The set of Highway ops is carefully chosen such that most of them map to a single platform-specific intrinsic. However, there are some important functions such as AESRound which may require emulation, and are non-trivial enough that we don't want to copy them into each target's implementation. Instead, we implement such functions in generic_ops-inl.h, which is included into every backend. The functions there are typically templated on the vector and/or tag types. To allow some targets to override these functions, we use the same per-target include guard mechanism, e.g. HWY_NATIVE_AES.

For x86, we also avoid some duplication by implementing only once the functions which are shared between all targets. They reside in x86_128-inl.h and are also templated on the vector type.

Why scalar target

There can be various reasons to avoid using vector intrinsics:

  • The current CPU may not support any instruction sets generated by Highway (on x86, we only target S-SSE3 or newer because its predecessor SSE3 was introduced in 2004 and it seems unlikely that many users will want to support such old CPUs);
  • The compiler may crash or emit incorrect code for certain intrinsics or instruction sets;
  • We may want to estimate the speedup from the vector implementation compared to scalar code.

Highway provides the HWY_SCALAR target for such use-cases. It defines a Vec1<T> wrapper class which is always a single-lane vector, and implements ops using standard C++ instead of intrinsics. This will be slow, but at least it allows checking the same code for correctness even when actual vectors are unavailable.

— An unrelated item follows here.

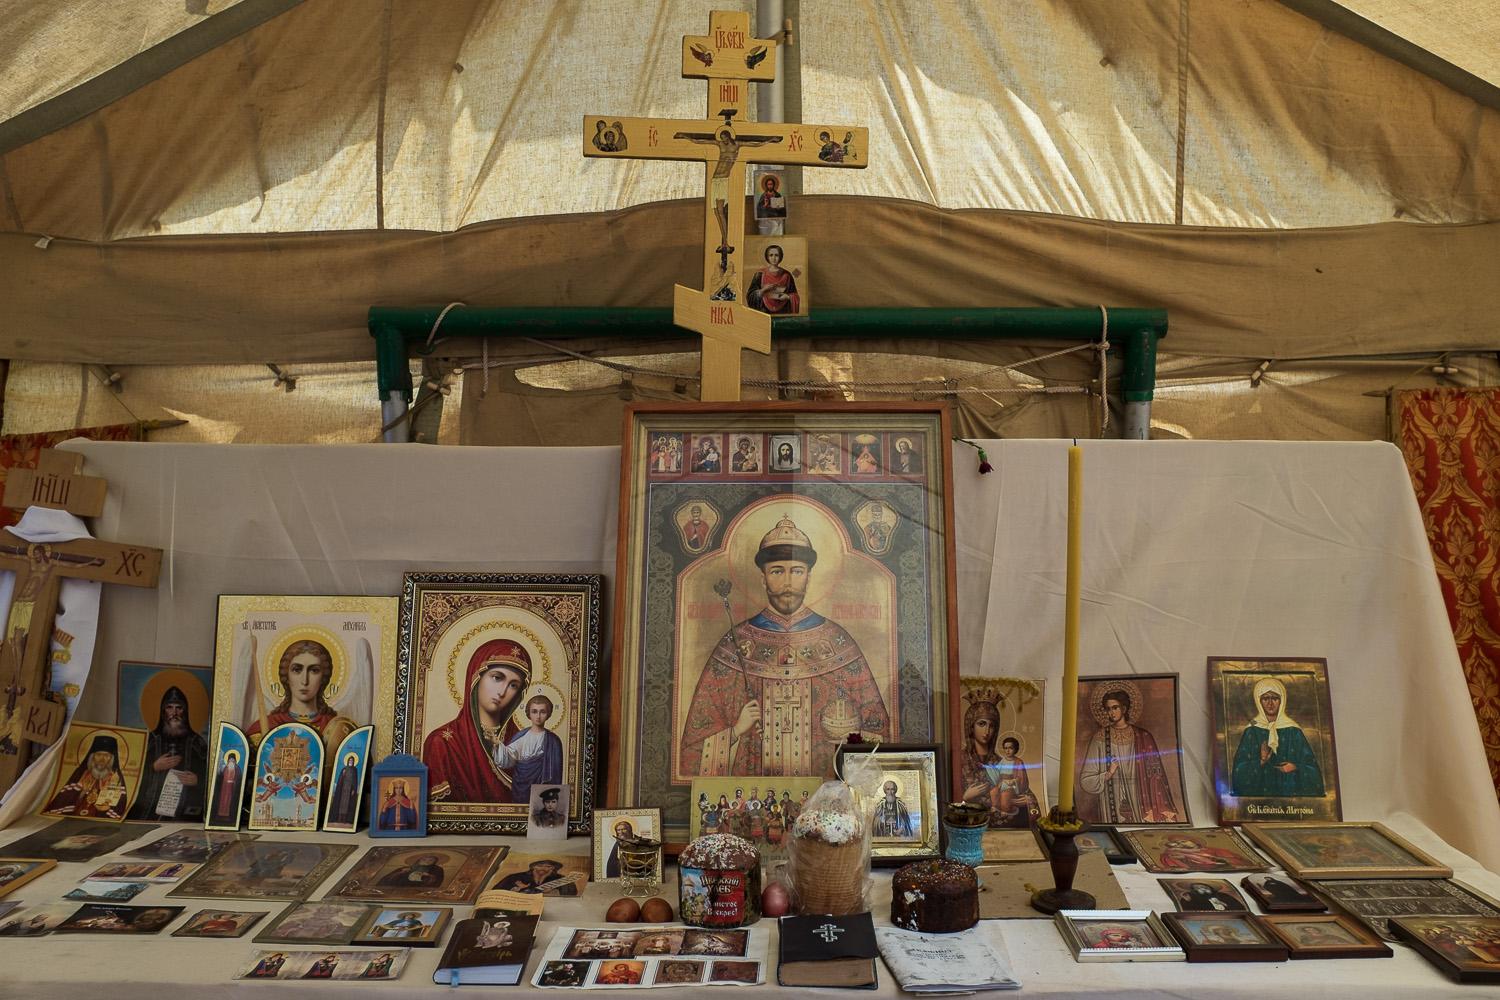  Tsar Nicholas II pictured on an icon in a tent in the main pro-Russian protest camp in Odessa during the 'Euromaidan' uprisings. The camp was destroyed in clashes in May 2014, which left over 40 dead in a fire in the nearby Trade Union House. 
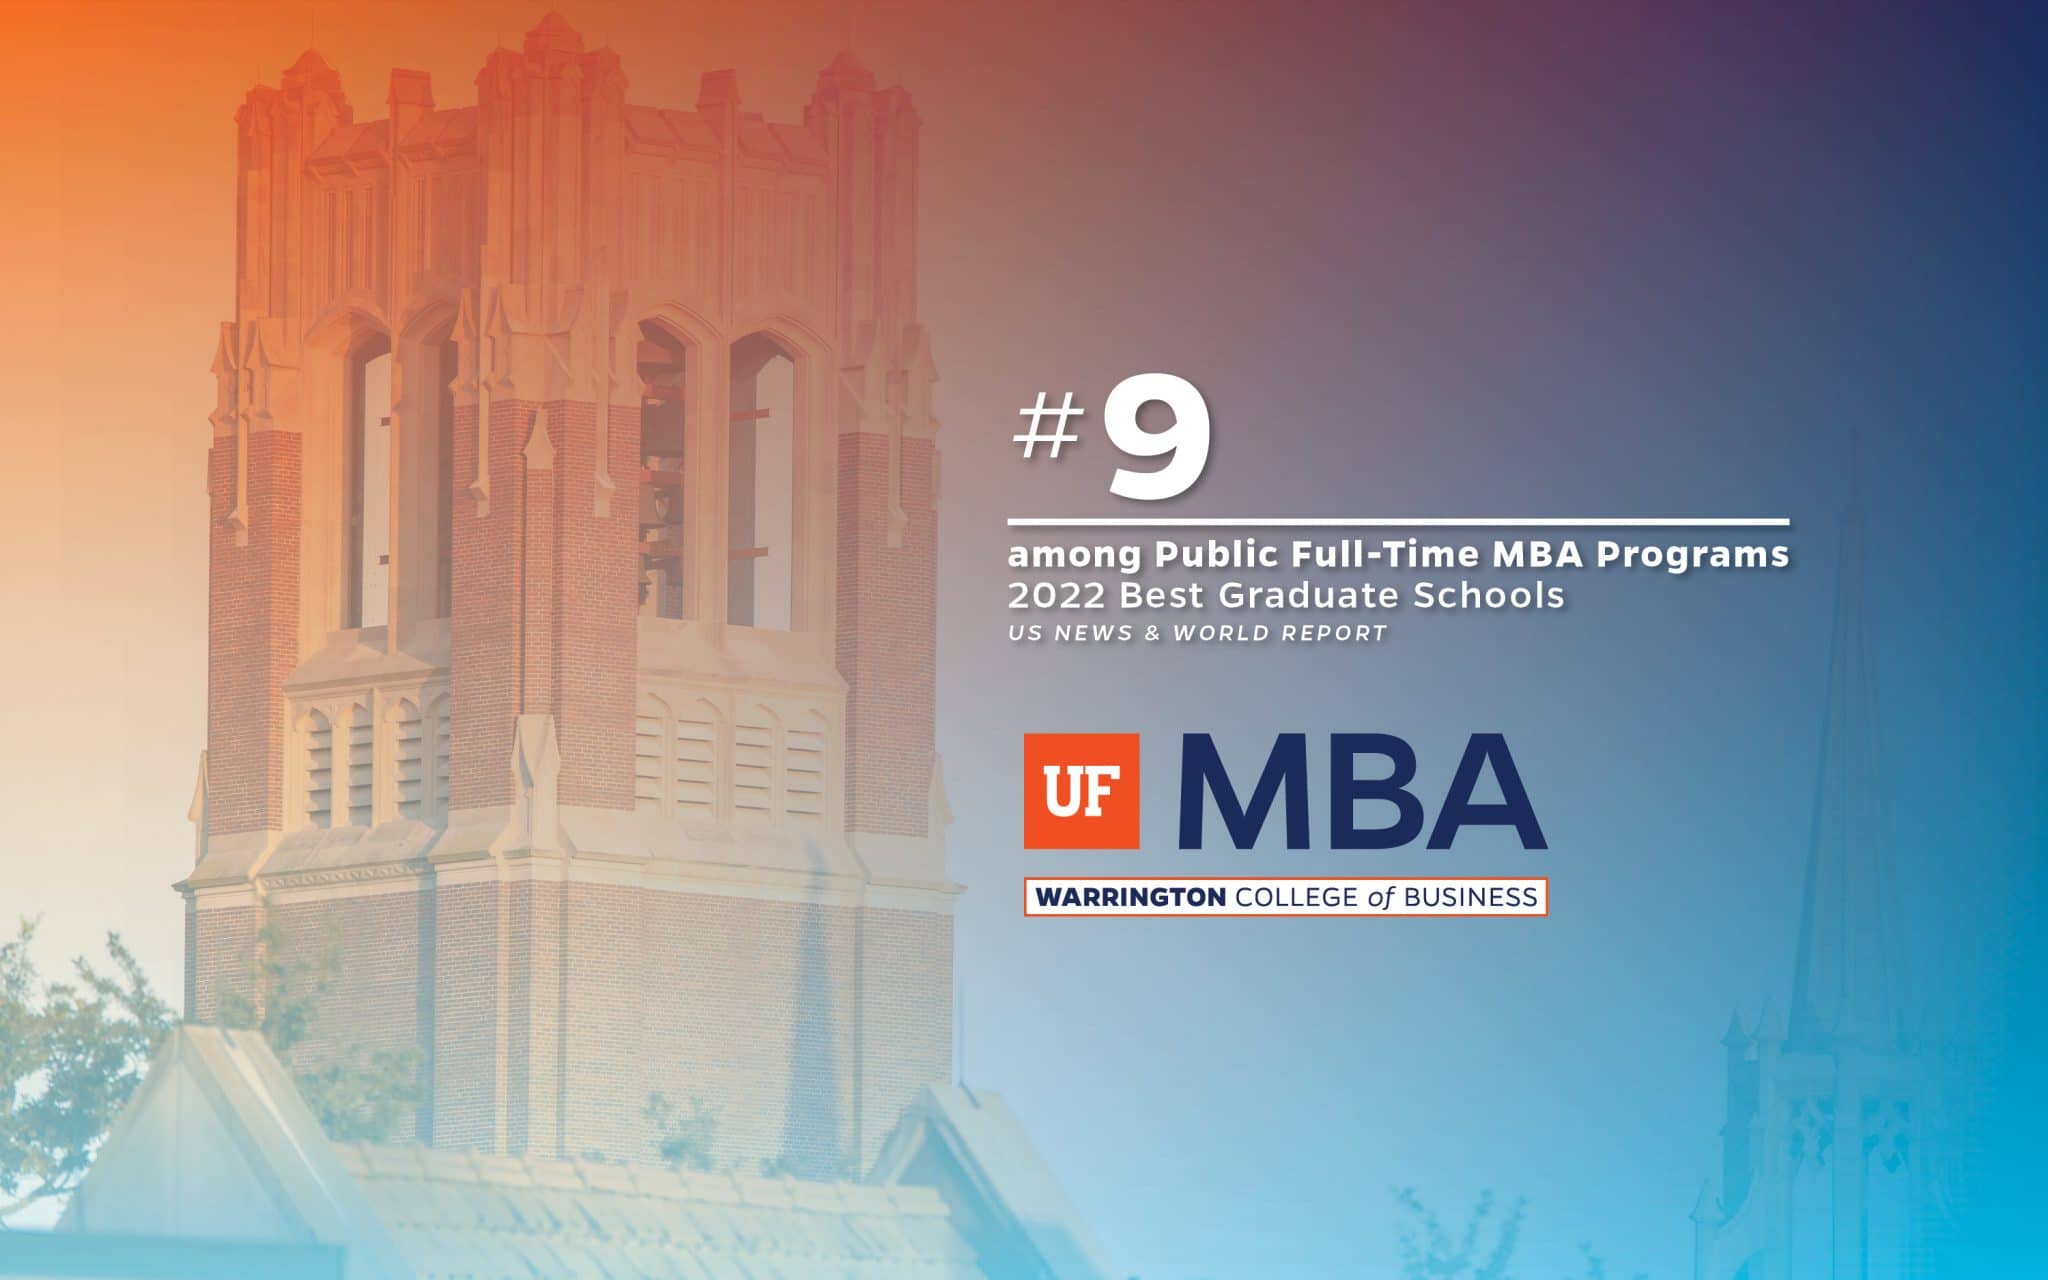 Strong performance for UF MBA in latest US News ranking, despite

With hindsight, this target turns out to be less useful because it is unable to express some ops such as AESRound, CLMulLower or TableLookupBytes which require at least 128-bit vectors. For all other targets, Highway guarantees at least 128-bit vectors are supported. Thus tests and some user code may require #if HWY_TARGET != HWY_SCALAR to prevent compile errors when using this target. To avoid this while still enabling the three use cases above, we plan to introduce a HWY_EMU128 target which is the same, except that it would always support 16/sizeof(T) lanes of type T by adding loops to all the op implementations.